What to work on: When copying the listing below, skip every picture and keep each word as it stands.

Recorded data:
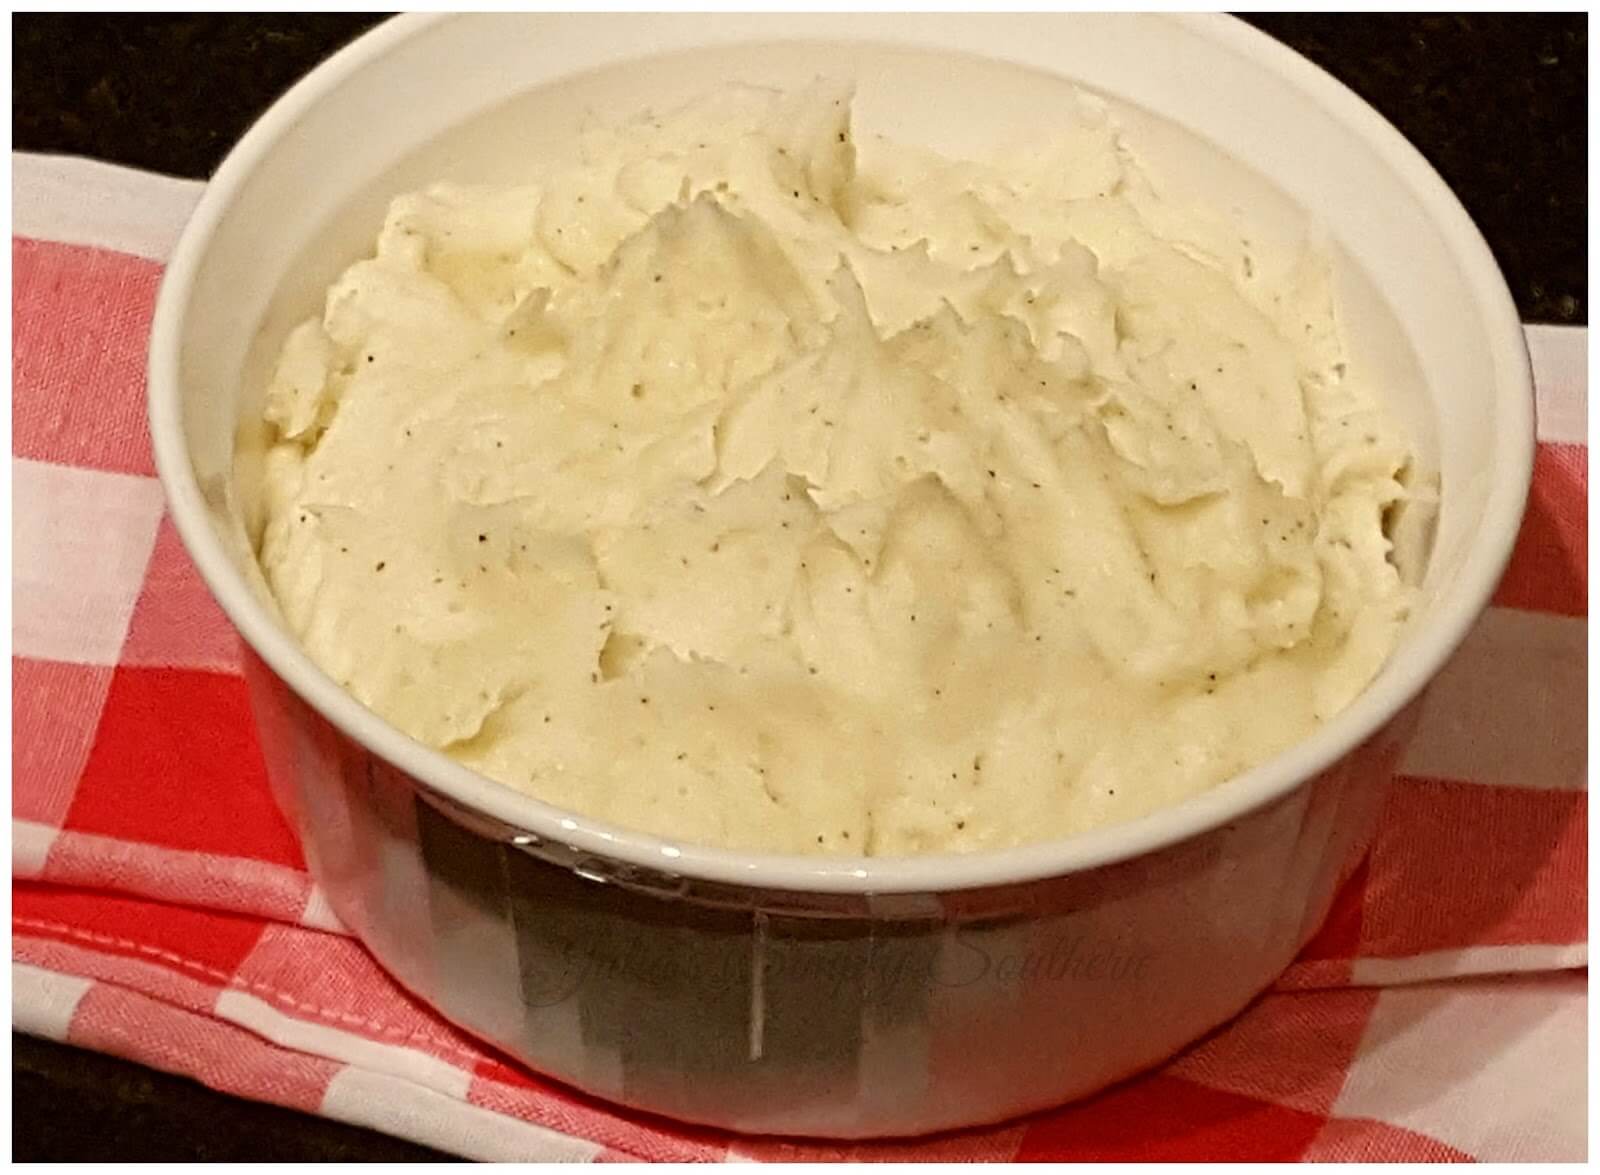 Best Southern Mashed Potatoes with Duke's Mayonnaise in a white bowl with gingham cloth
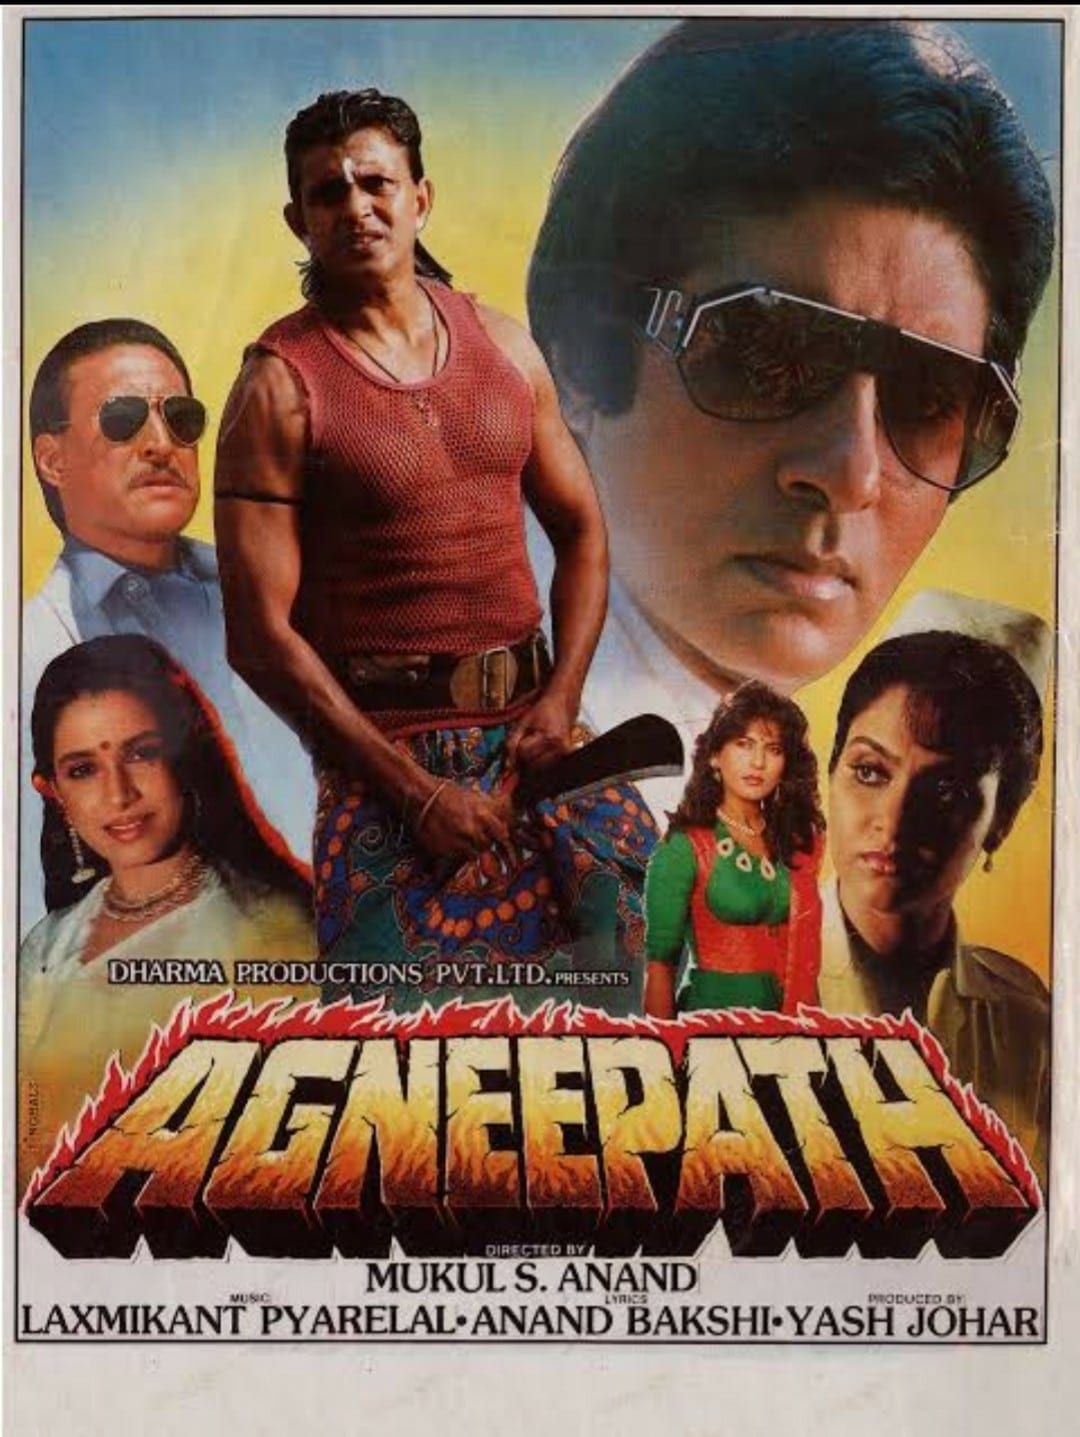 Poster for the movie "Agneepath"
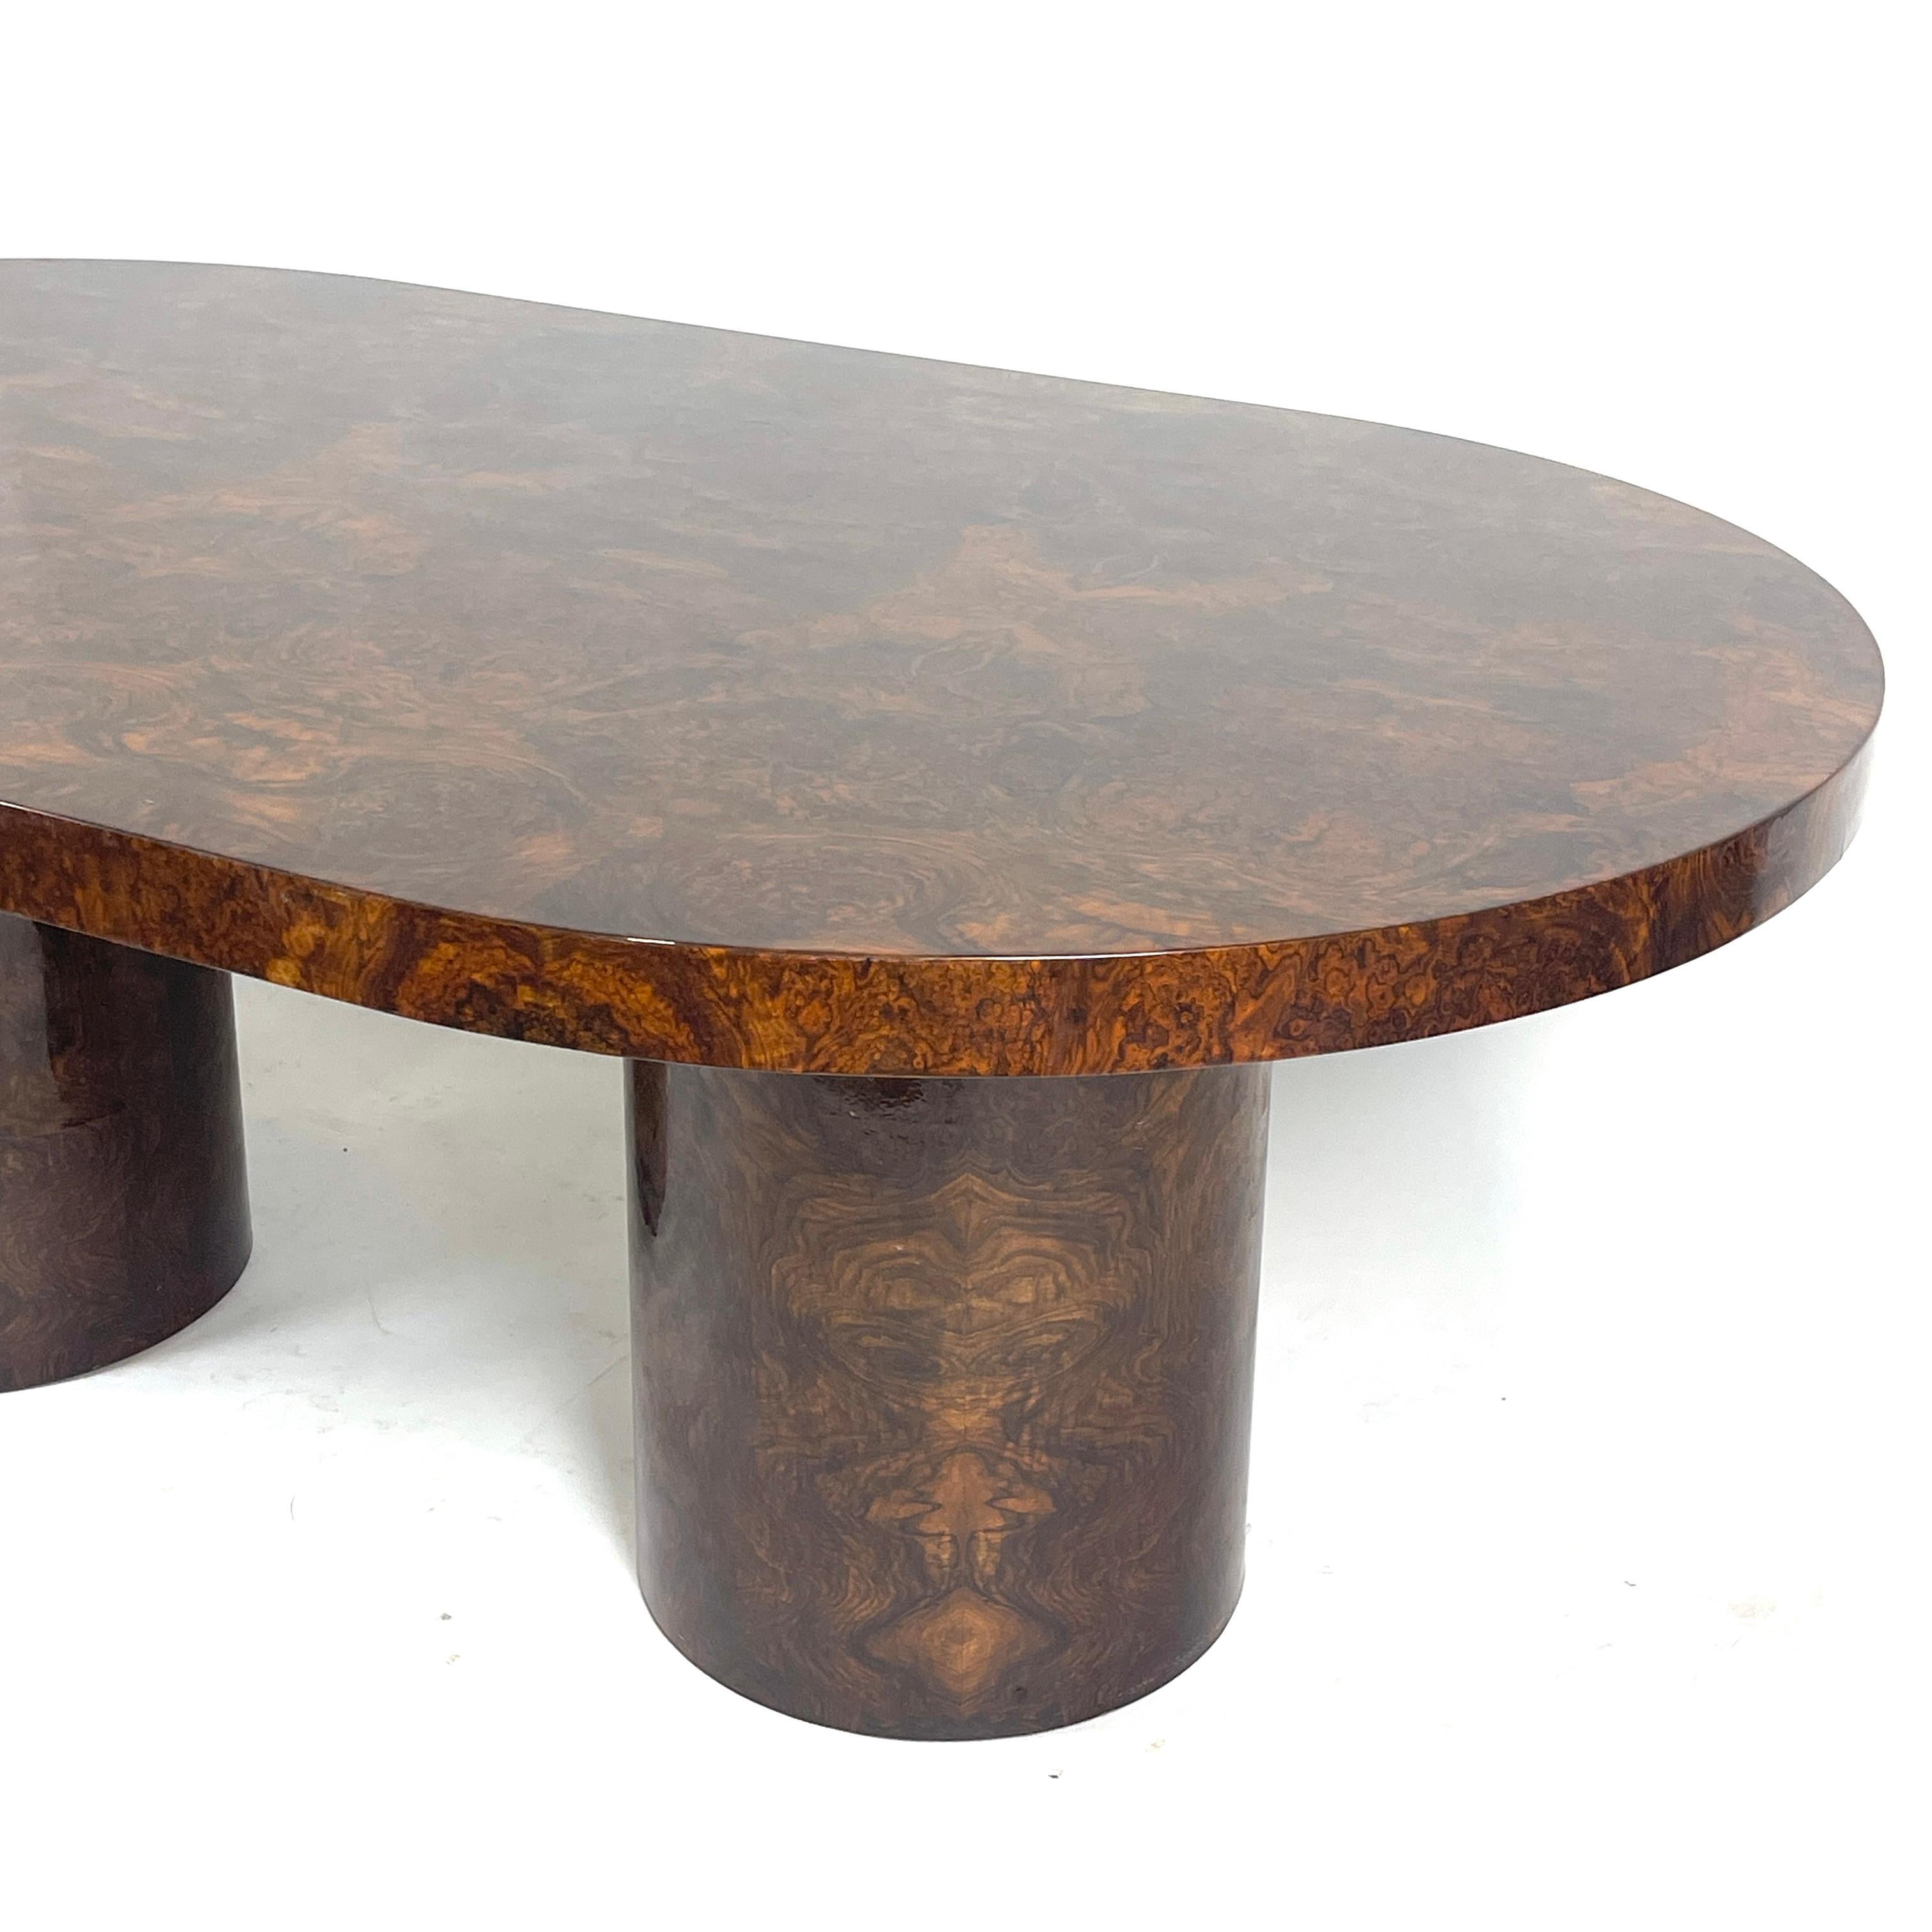 Lacquered Burled Mahogany Oval Dining Table by Paul Mayen for Intrex Habitat 9

Task result:
 Best Southern Mashed Potatoes with Duke's Mayonnaise in a white bowl with gingham cloth
 Poster for the movie "Agneepath"
 Lacquered Burled Mahogany Oval Dining Table by Paul Mayen for Intrex Habitat 9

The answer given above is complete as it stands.